Their Cabins are very large, and are Roofed and floored with mats made of Rushes. (Jacques Marquette, 1674)

The Illinois lived in several different kinds of houses, some of which were large enough to provide shelter for as many as ten families. In their summer villages they built long-rectangular structures, called "longhouses," which were semicylindrical in shape. The Illinois longhouse was constructed by erecting a pole framework and covering it with one or two layers of woven reed mats. A single doorway, shaded by a porch-like awning, was placed at one end of the structure. The interior of each longhouse was subdivided into separate living quarters for different families. Four or five hearths were placed in a row down the middle of the house, each fire serving the needs of two families. Based on archaeological excavations at an Illinois village located in northeastern Missouri, longhouses measured up to 17.8 meters (58 feet) long and 7.2 meters (24 feet) wide. The height of the roof is not known, but may have been up to 4.5 meters (15 feet) above the ground.

The houses constructed at winter villages were relatively small structures called "wigwams." Wigwams were dome-shaped, had oval floor plans, and probably were occupied by one or two families. Like the longhouses, they had bent-pole frames and were covered with layers of reed mats. Winter houses were portable, and each fall women carried the materials used to make them from the summer village to the winter village. Wigwams were much smaller than longhouses. Based on archaeological excavations in Illinois and Missouri, they measured about 7 meters (23 feet) long and 4 meters (13 feet) wide. The highest elevation of the roof may have been about 3 meters (10 feet) above the ground.

At their summer hunting camps, which were located in prairies near the prairie-forest border, the Illinois built temporary structures that were occupied briefly while they hunted for bison and other game animals. These hunting lodges had pole frameworks and may have been similar in shape to the wigwams occupied at winter villages. However, unlike the mat-covered winter houses, hunting lodges were covered with bark that women stripped from trees in the nearby forests.
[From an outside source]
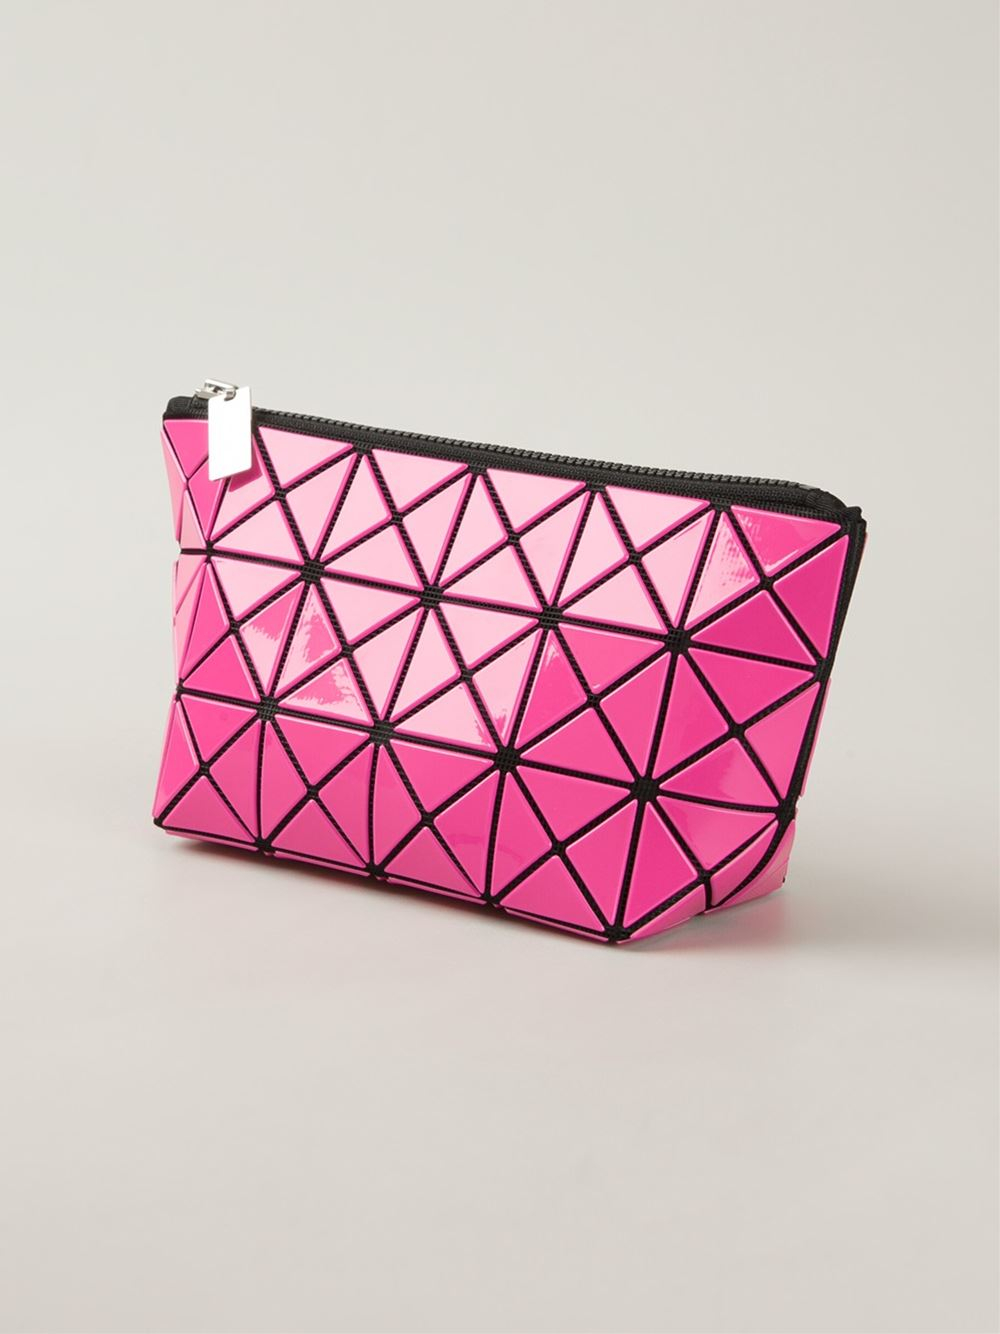 Bao Bao Issey Miyake 'Lucent-2' Clutch in Pink & Purple (Pink) - Lyst

Illinois women made reed or rush mats using the stems of plants that they gathered in marshes. Historical sources do not tell us the specific kinds of plants used, but they probably included both cattails (Typha) and bulrushes (Scirpus). After harvesting the stems, women cut them to a uniform length of about 5-6 feet and laid them out to dry. Then they wove the stems together using numerous strands of twine made from long strips of a white wood (probably basswood, Tilia americana). The completed mats, which measured up to 60 feet long, were applied to the roofs and floors of longhouses and wigwams. When new, a double layer of reed mats was water-resistant and provided protection from rain and snow.